Saturday, December 11, 2010

Thomas Wilson: Art of Rhetoric (1553)


While Renaissance courtiers like Baldesar Castiglione and Bernardo Dovizi believe in the merrymaking rhetoric of humor which enhances one’s charisma and sophistication, middle-class Protestants like Thomas Wilson believe that humor, as a rhetorical device, promotes one’s social mobility.




(portrait taken from: http://en.wikipedia.org/wiki/Thomas_Wilson_(rhetorician). Entry: "Thomas Wilson (rhetorician)." December 10, 2010.)
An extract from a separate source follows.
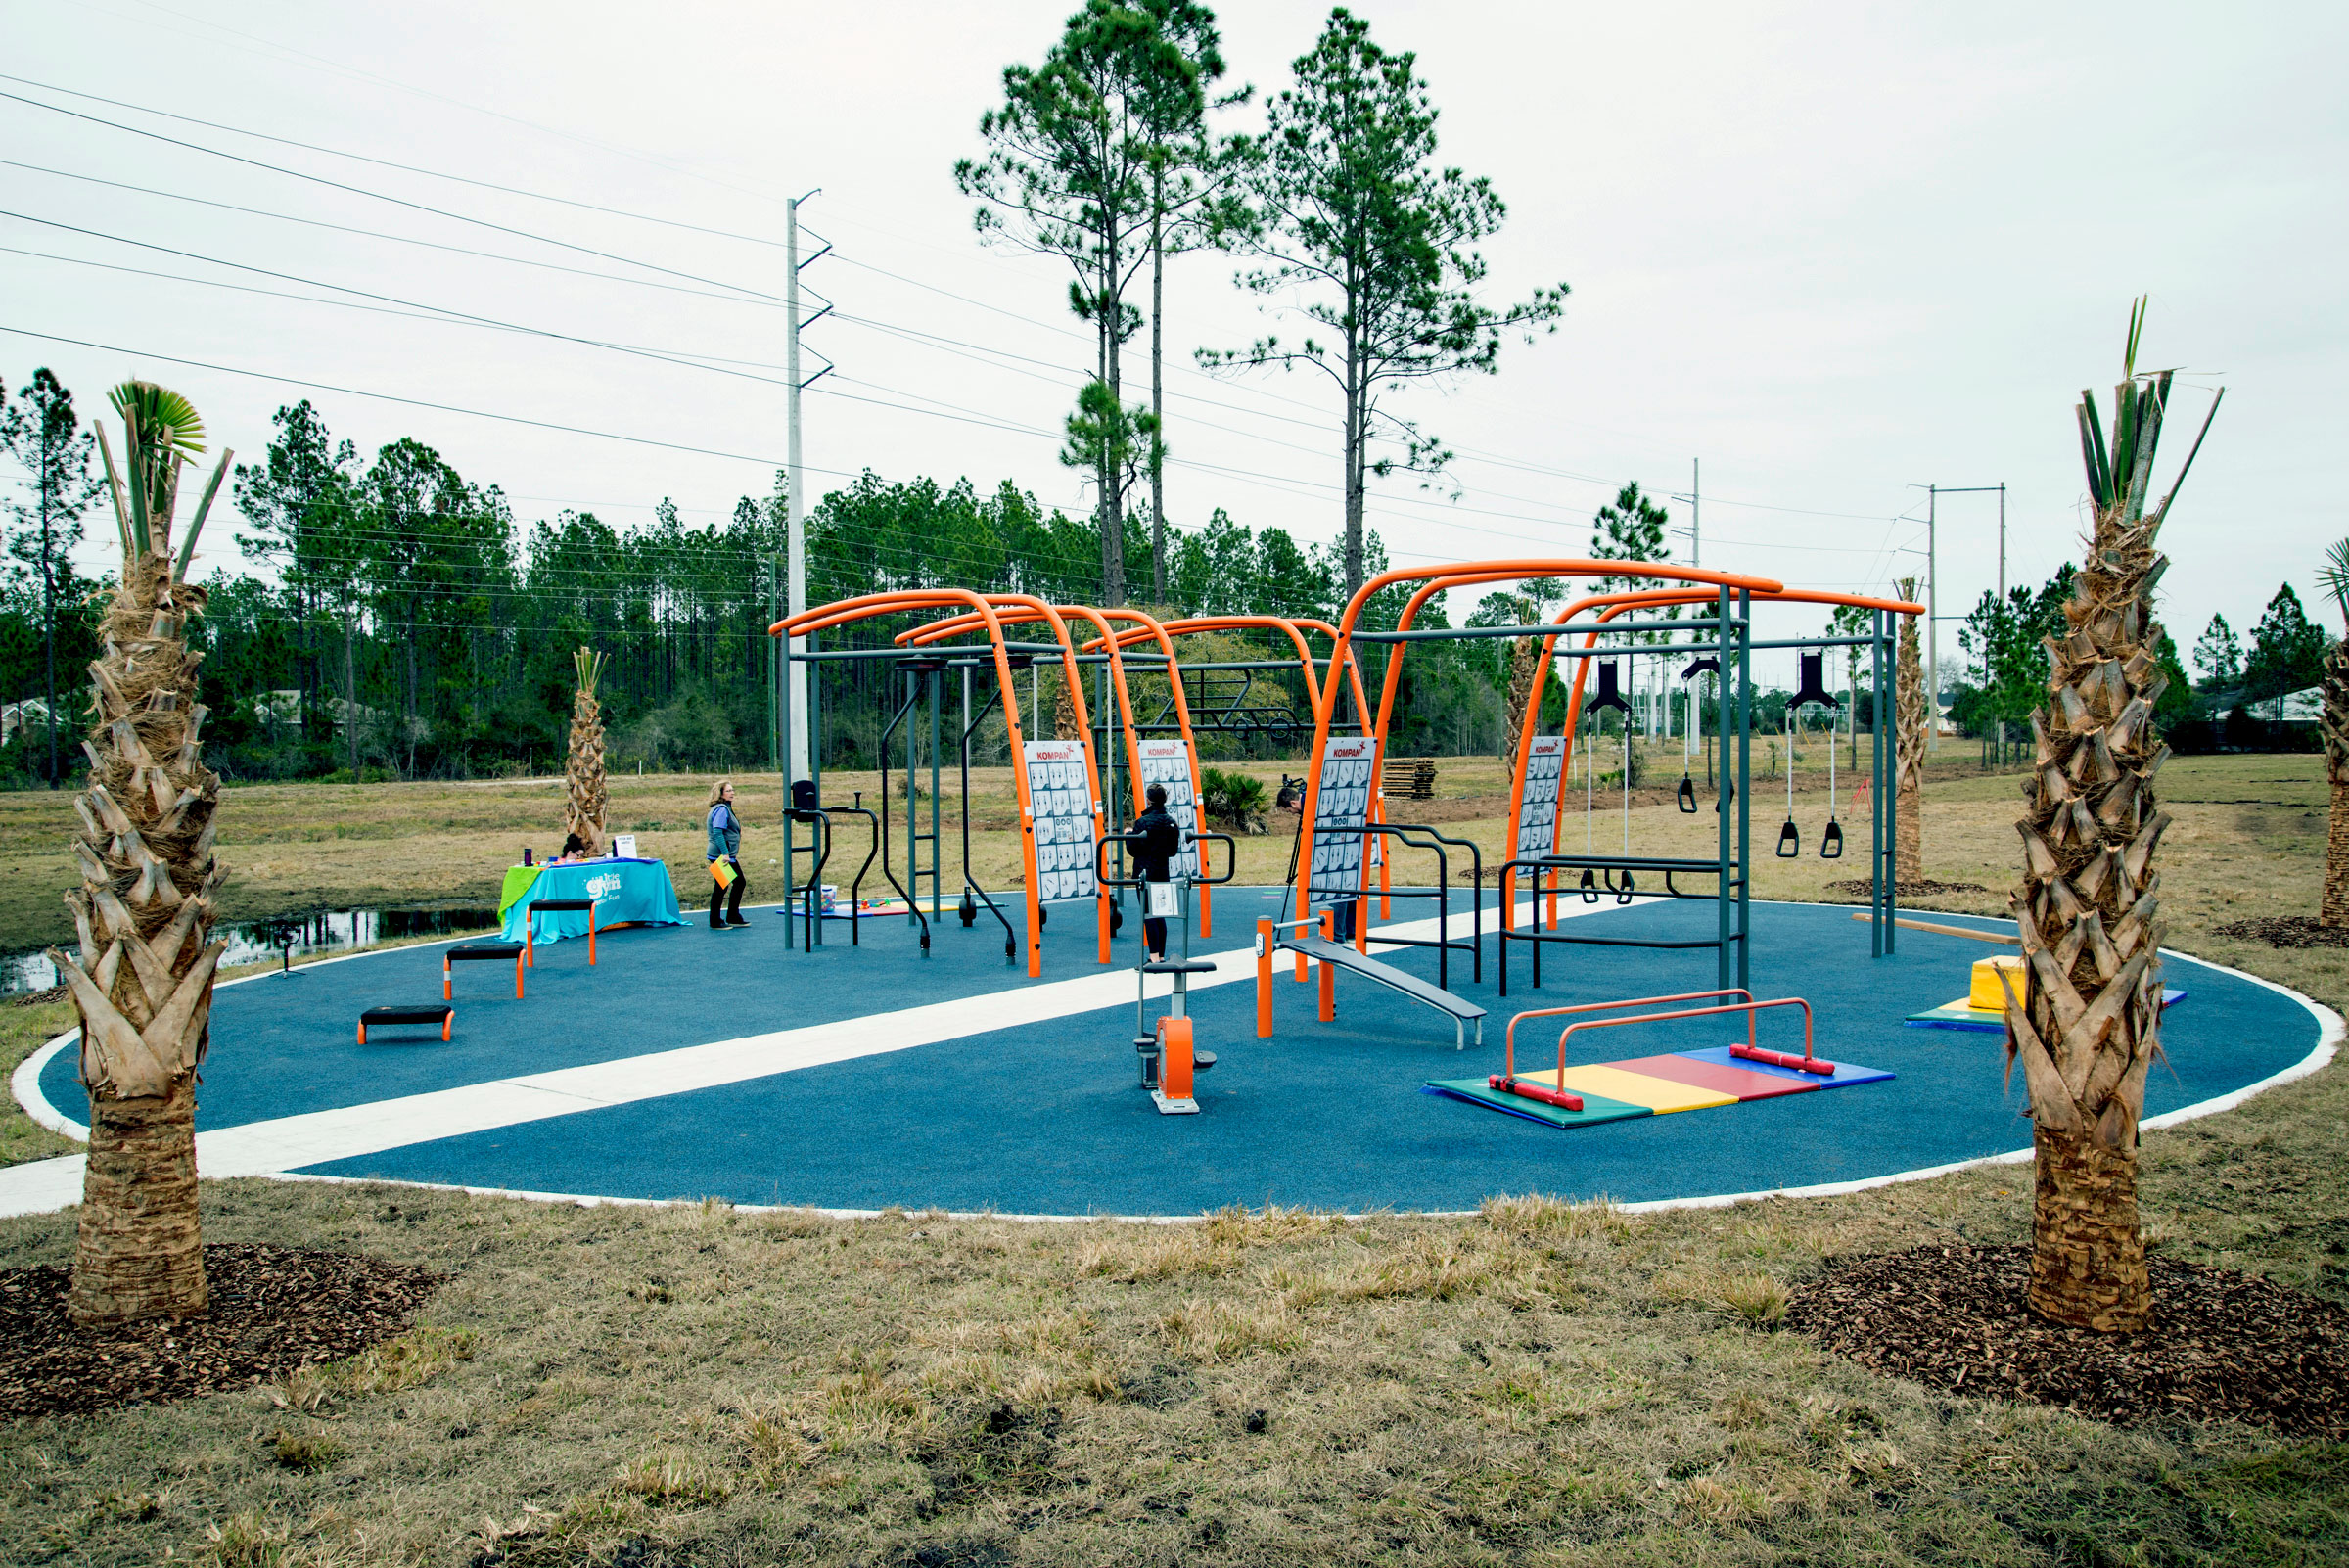 New outdoor gym designed for seniors installed at Kleiner Park

Castiglione, Dovizi, and Wilson, all three share an anxiety to contain humor within limits and rules as to make sure it stays decent and pleasant without resorting to stupidity or scurrility (Figueroa-Dorrego & Larkin-Galiñanes 191-194). One should never "go beyond due bounds" (194):

Therefore, no such should be taunted, or jested withal that either are notable evil livers, and heinous offenders, or else are pitiful caitiffs, and wretched beggars. For everyone thinketh it a better and a meeter deed to punish naughty packs than to scoff at their evil demeanour. And as for wretched souls or poor bodies, none can bear to have them mocked, but think rather that they should be pitied, except they foolishly vaunt themselves. Again, none such should be made any laughing stocks that either are honest of behaviour, or else are generally well beloved. As for other, we may be bold to talk with them and make such game and pastime as their good wits shall give good cause. But yet this one thing, we had need ever to take with us, that in all our jesting we keep a mean, wherein not only it is meet to avoid all gross bourding, and alehouse jesting, but also to eschew all foolish talk and ruffin manners such as no honest ears can once abide, nor yet any witty man can like well or allow. (Arte of Rhetorique Book II)
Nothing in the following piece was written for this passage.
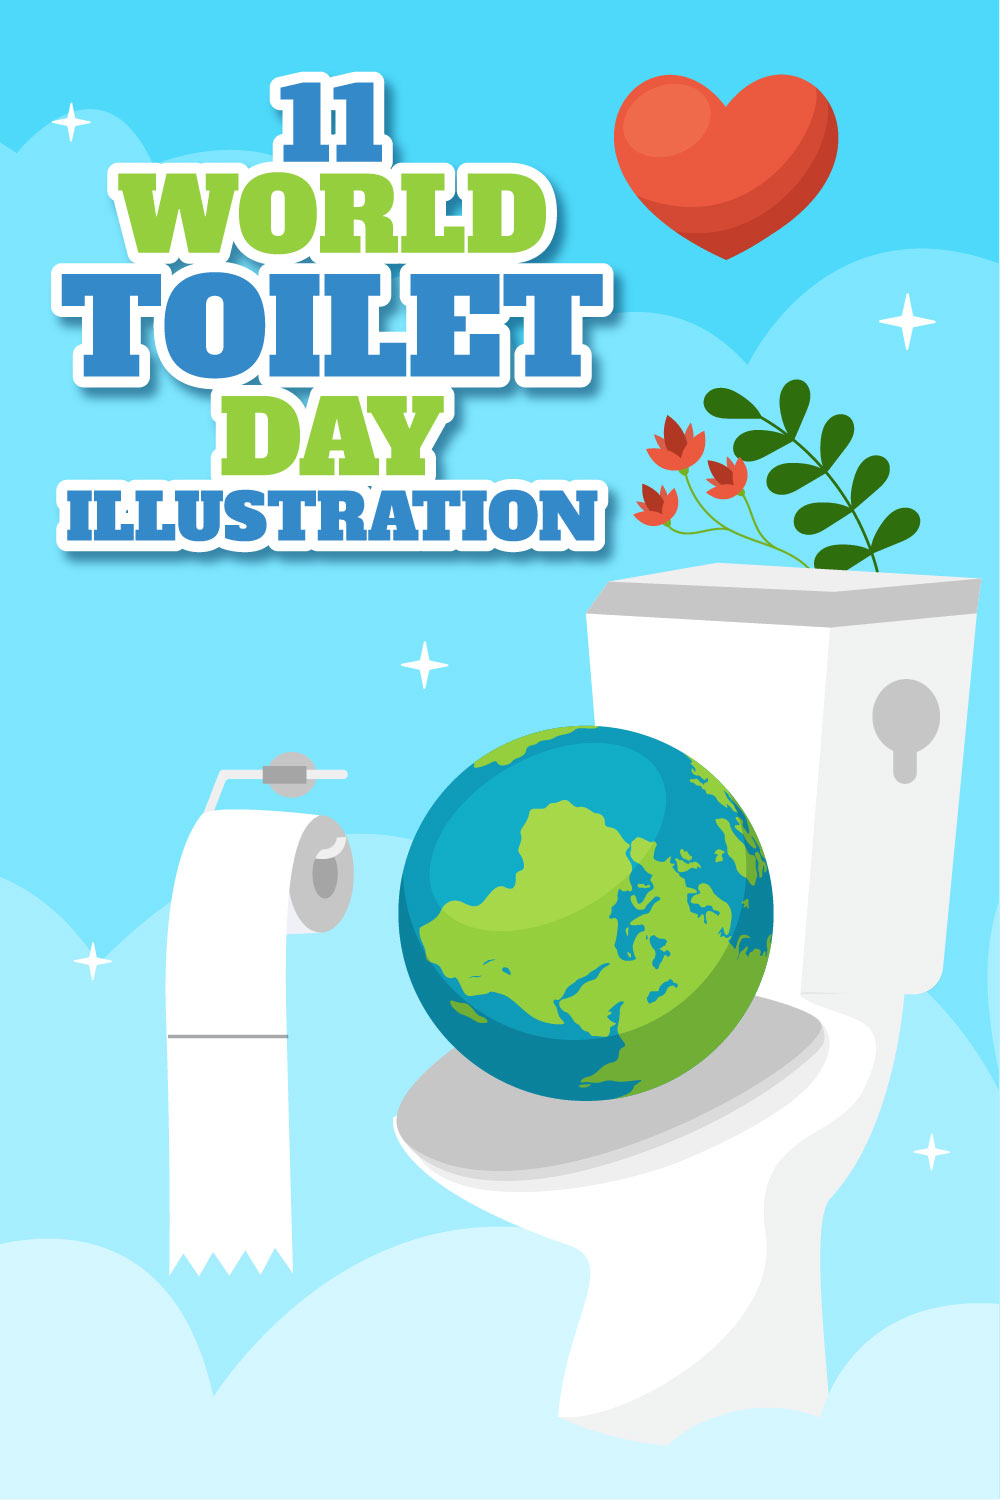 11 World Toilet Day Illustration pinterest preview image.

This anxiety is indeed a Classical concern haunting humoristic discourse since Cicero or even earlier. It is also the fourth issue dealt with in Wilson's Art of Rhetoric on humor (i.e. Book II). Wilson in his book suggests humor be discussed in terms of five issues: the nature of humor, which he argues undefinable; the cause of humor, which he includes deformity, foolishness, and others' evil behavior; the appropriateness of humor as an oratory device, which he confirms; the fourth, as stated above, limits of humor, which he finds necessary to reiterate; the application of humor, which he examines through various methods that make people laugh.

The most particular and original viewpoint of Wilson is that, while his anxiety is "Classical," his stress on limits is courtly, his standpoint is that of the middle class. The highly hierarchized discourse of humor begins to utter a commoner's voice which was foreign to it.